Assignment:
Could you retype every line below exactly, omitting the images?

Dataset section:

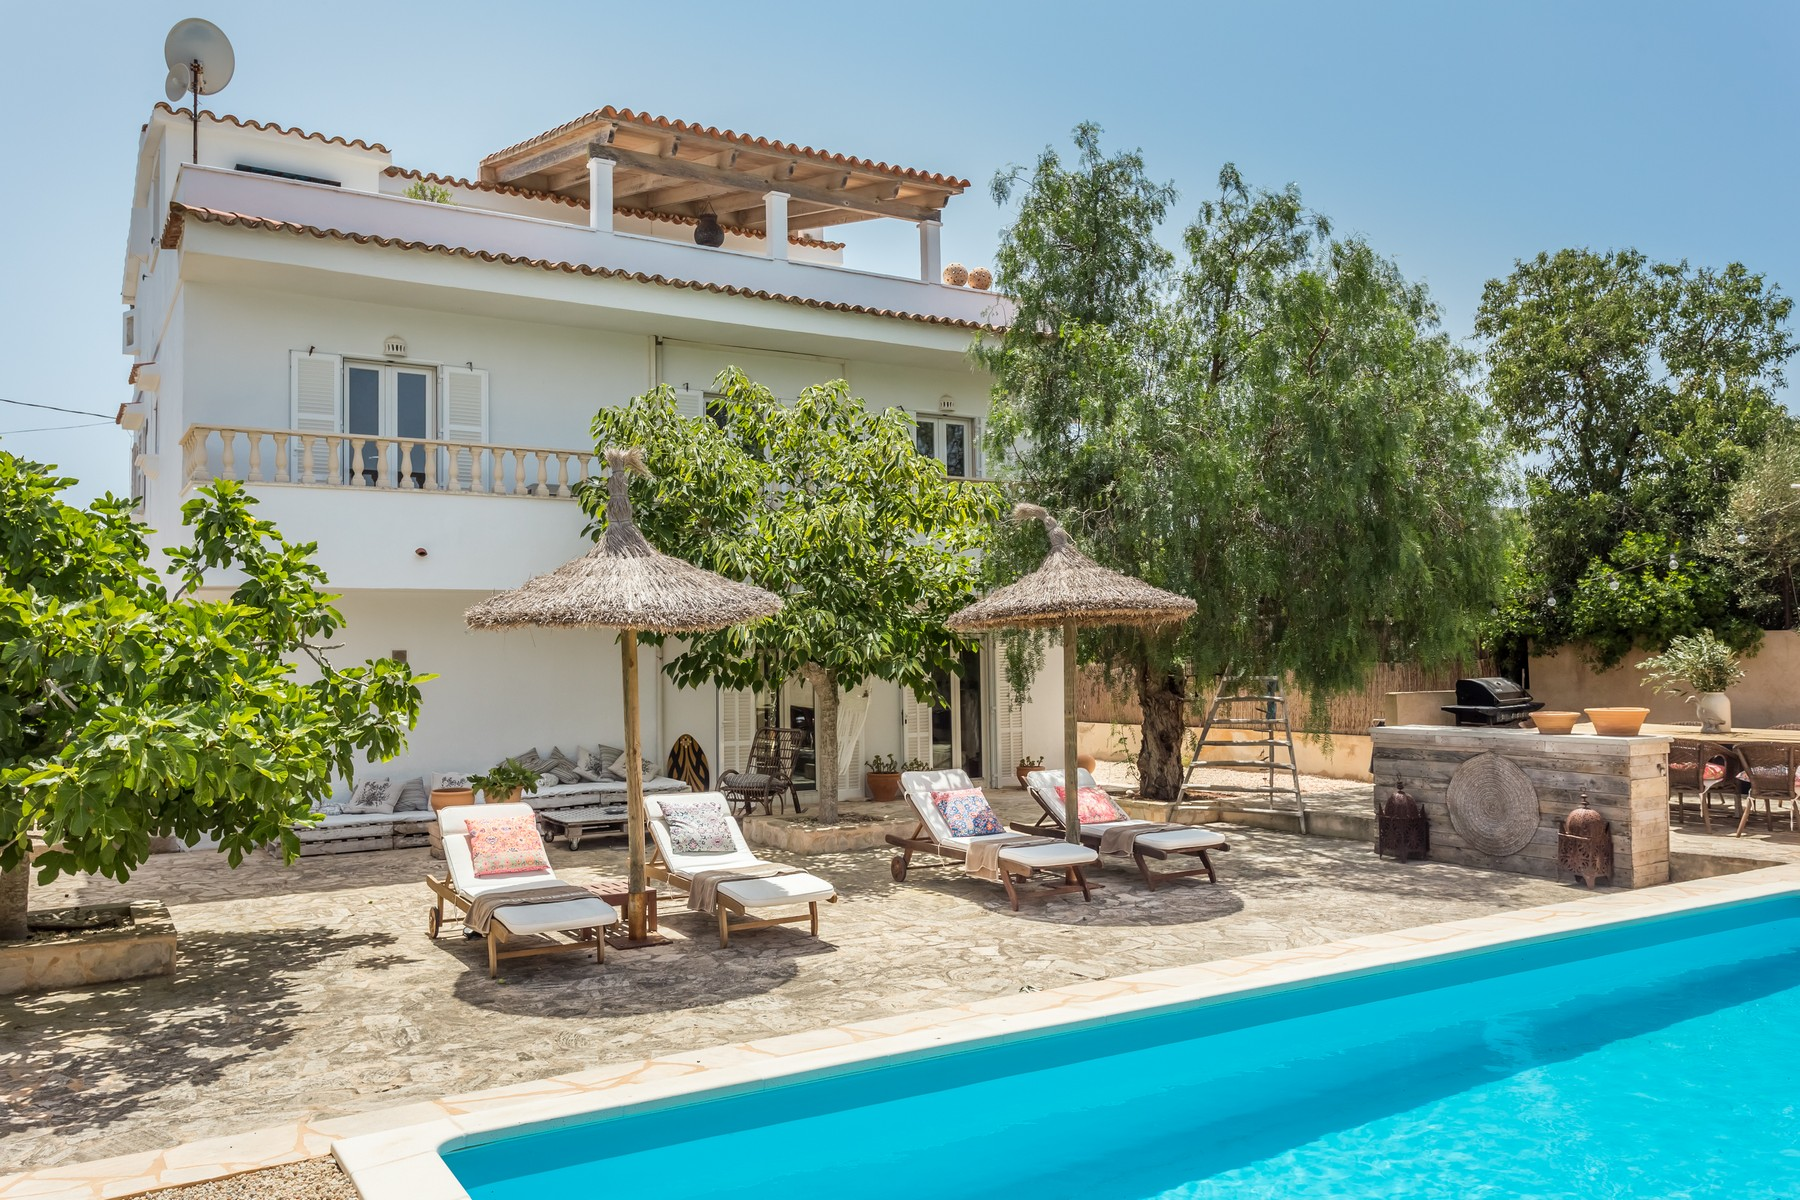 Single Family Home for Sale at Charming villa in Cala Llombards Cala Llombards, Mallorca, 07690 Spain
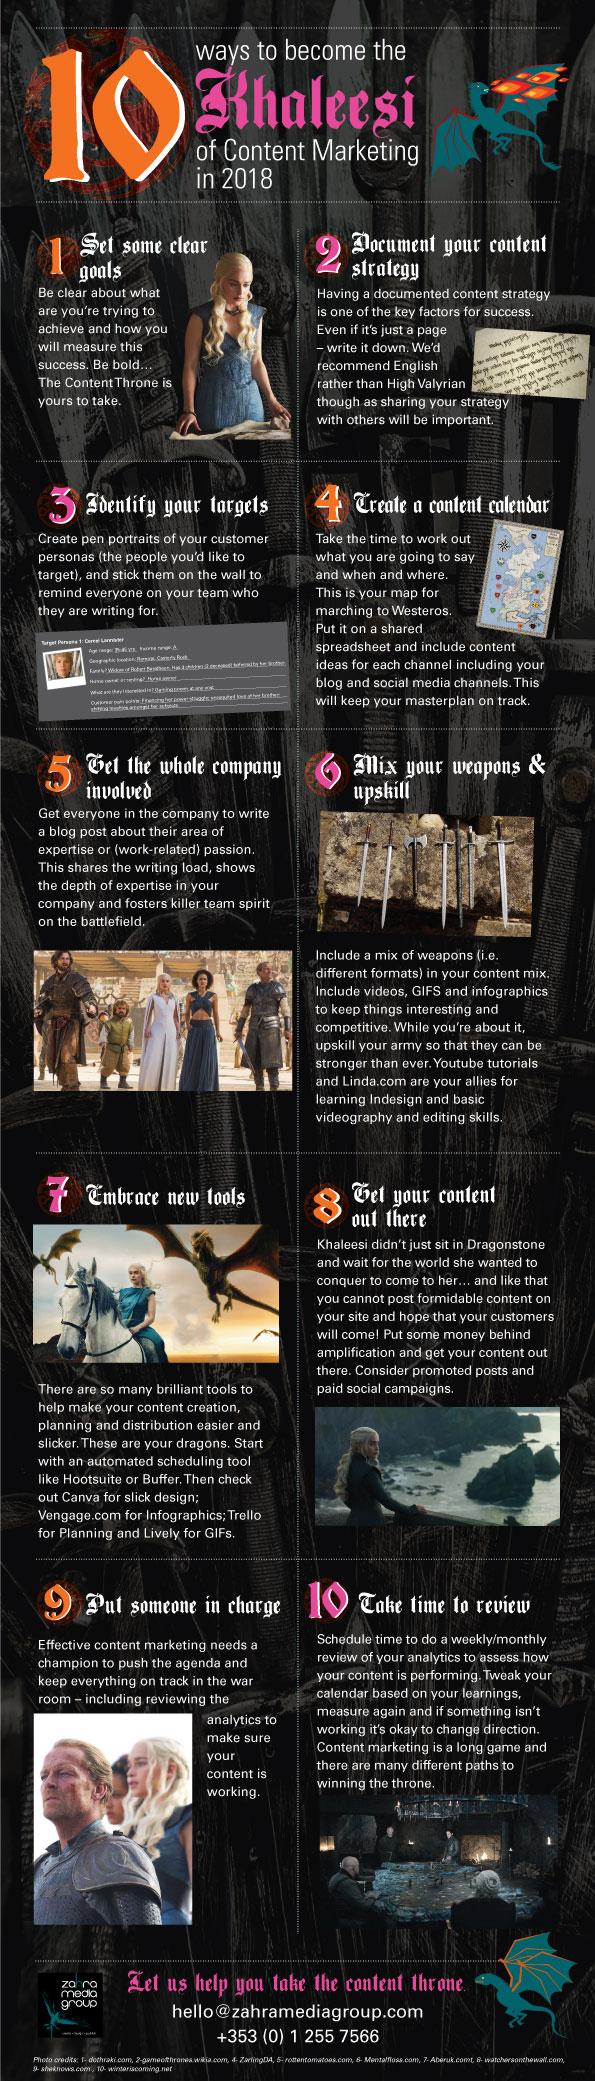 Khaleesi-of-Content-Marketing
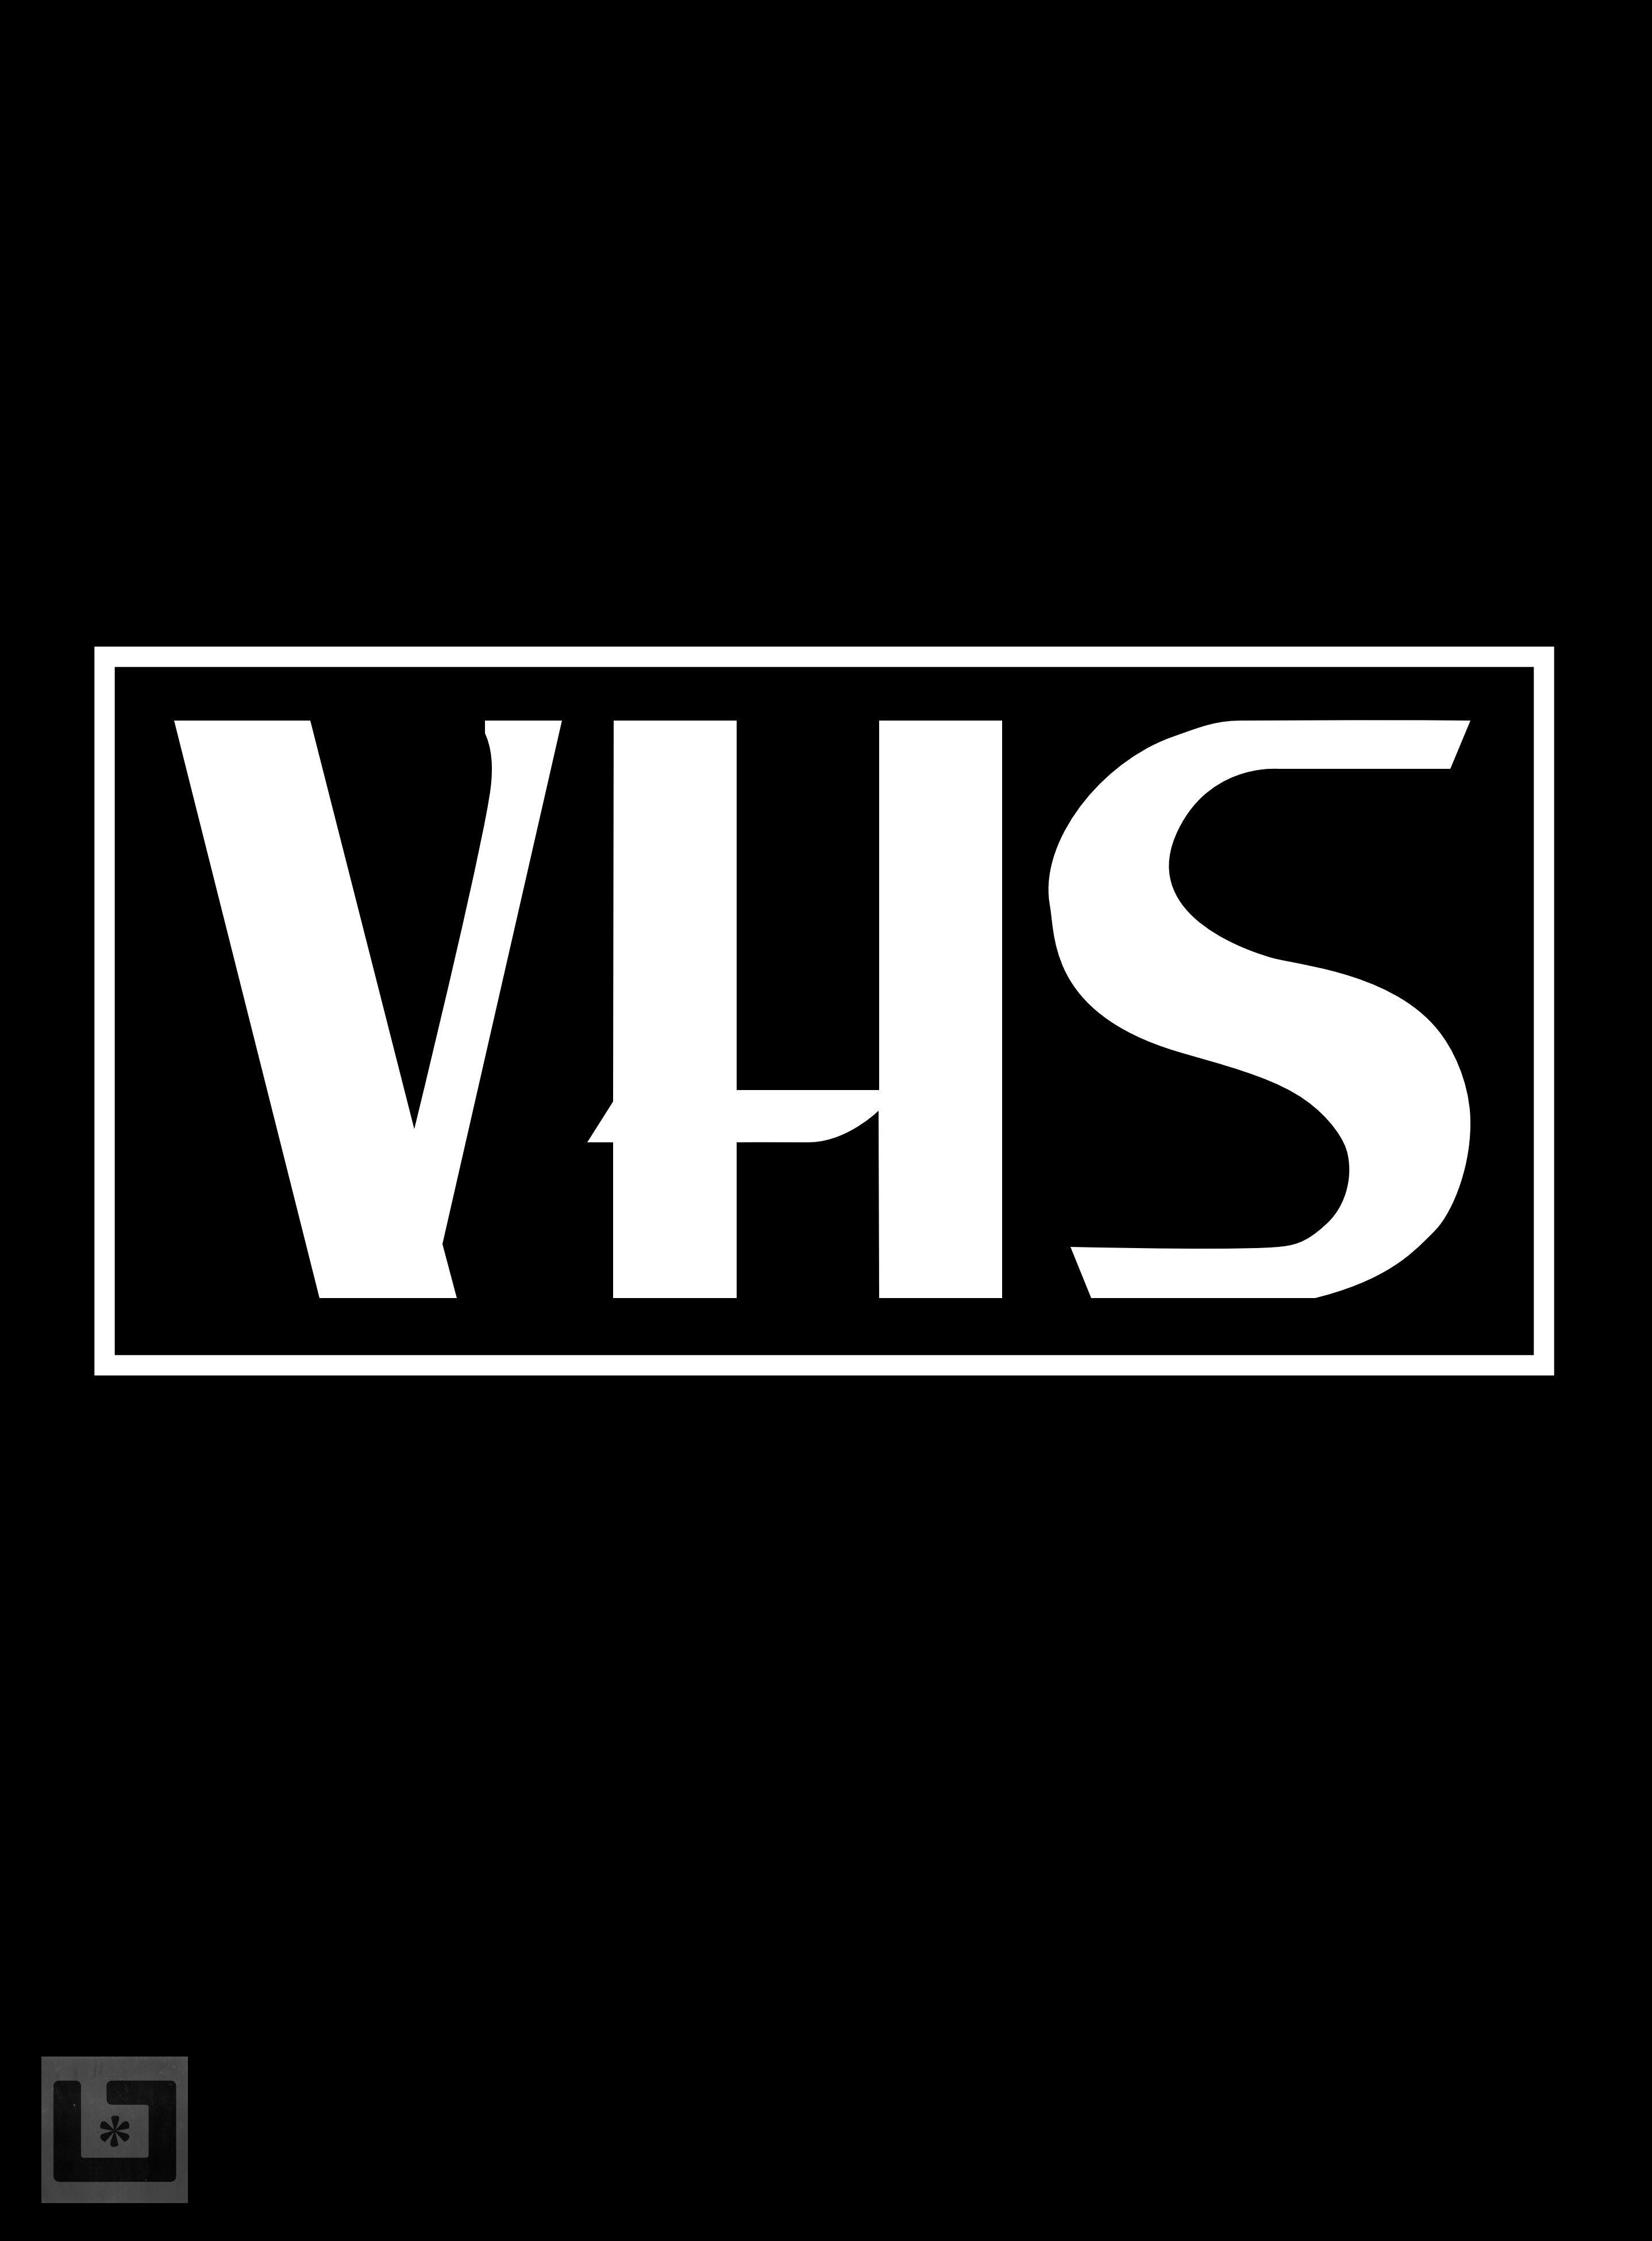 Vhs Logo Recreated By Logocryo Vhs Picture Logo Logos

Answer below:
 Single Family Home for Sale at Charming villa in Cala Llombards Cala Llombards, Mallorca, 07690 Spain
 Khaleesi-of-Content-Marketing
 Vhs Logo Recreated By Logocryo Vhs Picture Logo Logos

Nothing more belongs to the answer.